Standen die vergangenen zwei Jahre fast ganz im Zeichen der Aufgabe, mehr als 2000 Flüchtlinge unterzubringen und zu versorgen, können sich Landratsamt und Kreistag nun wieder auf ihre Kernaufgabe konzentrieren. Diese besteht darin, Kommunalpolitik zu gestalten. Dafür stehen hohe Investitionen in weiterführende Schulen und der Bau einer neuen Berufsschule. So wird der Landkreis 2017 für den Erhalt seiner Liegenschaften 29 Millionen Euro ausgeben. Zudem wurde ebenfalls einstimmig der Grundsatzbeschluss gefasst, ans Landratsamt einen Bürotrakt für insgesamt 112 Arbeitsplätze mit einem dreigeschossigen Parkdeck anzubauen. Die Notwendigkeit des Anbaus bestritt niemand, allerdings gab es für Karmasin heftigen Gegenwind, weil der Standort auf der Grünfläche des Landratsamts als städtebaulich falsch kritisiert wurde. Klaus Wollenberg (FDP) und Grüne forderten, anstelle eines Anbaus einen zusätzlichen Gebäuderiegel an der Münchner Straße zu errichten. Als Karmasin einlenkte und anbot, nochmals andere Standorte zu prüfen und aus der Beschlusslage die Festlegung gestrichen wurde, den Anbau in Fortsetzung des Westflügel zu errichten, stimmten dem 7,2-Millionen-Projekt alle einmütig zu.

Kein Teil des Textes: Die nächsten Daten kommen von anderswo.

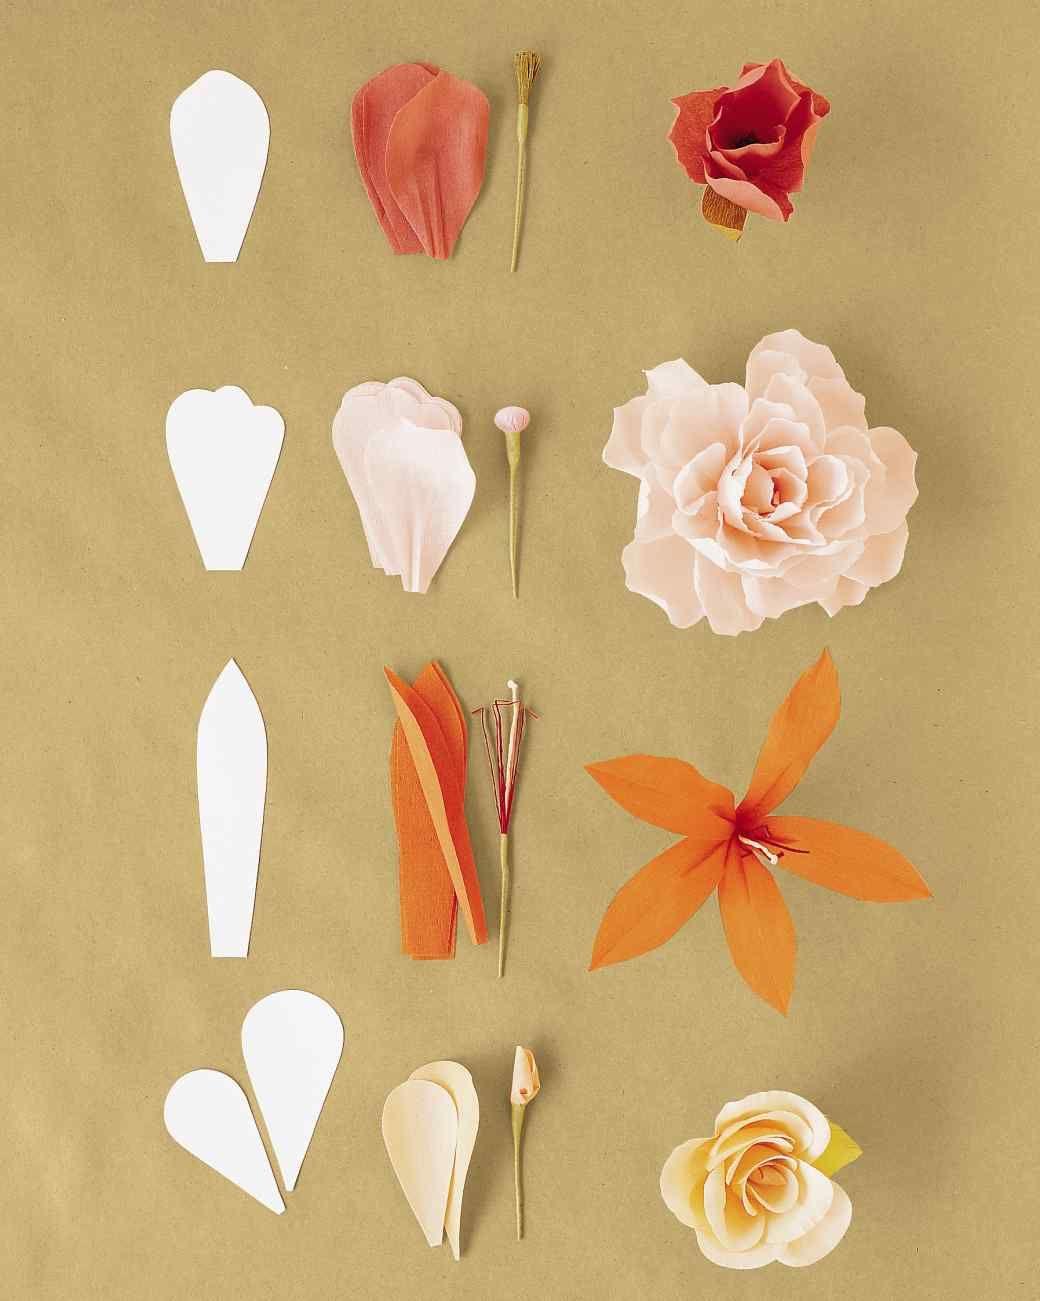 offrir des fleurs papier cr pon id es pour la f te des m res papier cr pon fleurs en papier. Black Bedroom Furniture Sets. Home Design Ideas

Eine Ausnahme von der Einstimmigkeit gab es dann doch: Den Beschlussvorschlag, nach dem der Bau einer zweiten Fachoberschule (FOS) zurzeit als nicht realisierbar gilt, lehnten 13 Kreisräte ab. Deshalb soll die zweite FOS im Landkreis im kommenden Schuljahr mit einer Interimslösung in Klassenzimmercontainern starten. Peter Falk (SPD) favorisiert zudem einen anderen Standort. Olching oder dessen Stadtteil Esting, die mitten im Landkreis liegen, wären der ideale FOS-Standort. Auch über die Höhe der Kreisumlage wurde nicht, wie ist sonst üblich, vor der Haushaltsverabschiedung wie auf einem Basar gefeilscht, um die Kommunen noch etwas zu entlasten. Mit der Kreisumlage wird festgelegt, welchen Anteil des Ergebnishaushalts in Höhe von etwa 230 Millionen Euro die 23 Kommunen an den Landkreis abführen müssen, um für dessen ungedeckten Finanzbedarf aufzukommen. Im nächsten Jahr steuern die Kommunen insgesamt etwa 115 Millionen Euro bei, was einer Kreisumlage von 49,7 Punkten entspricht.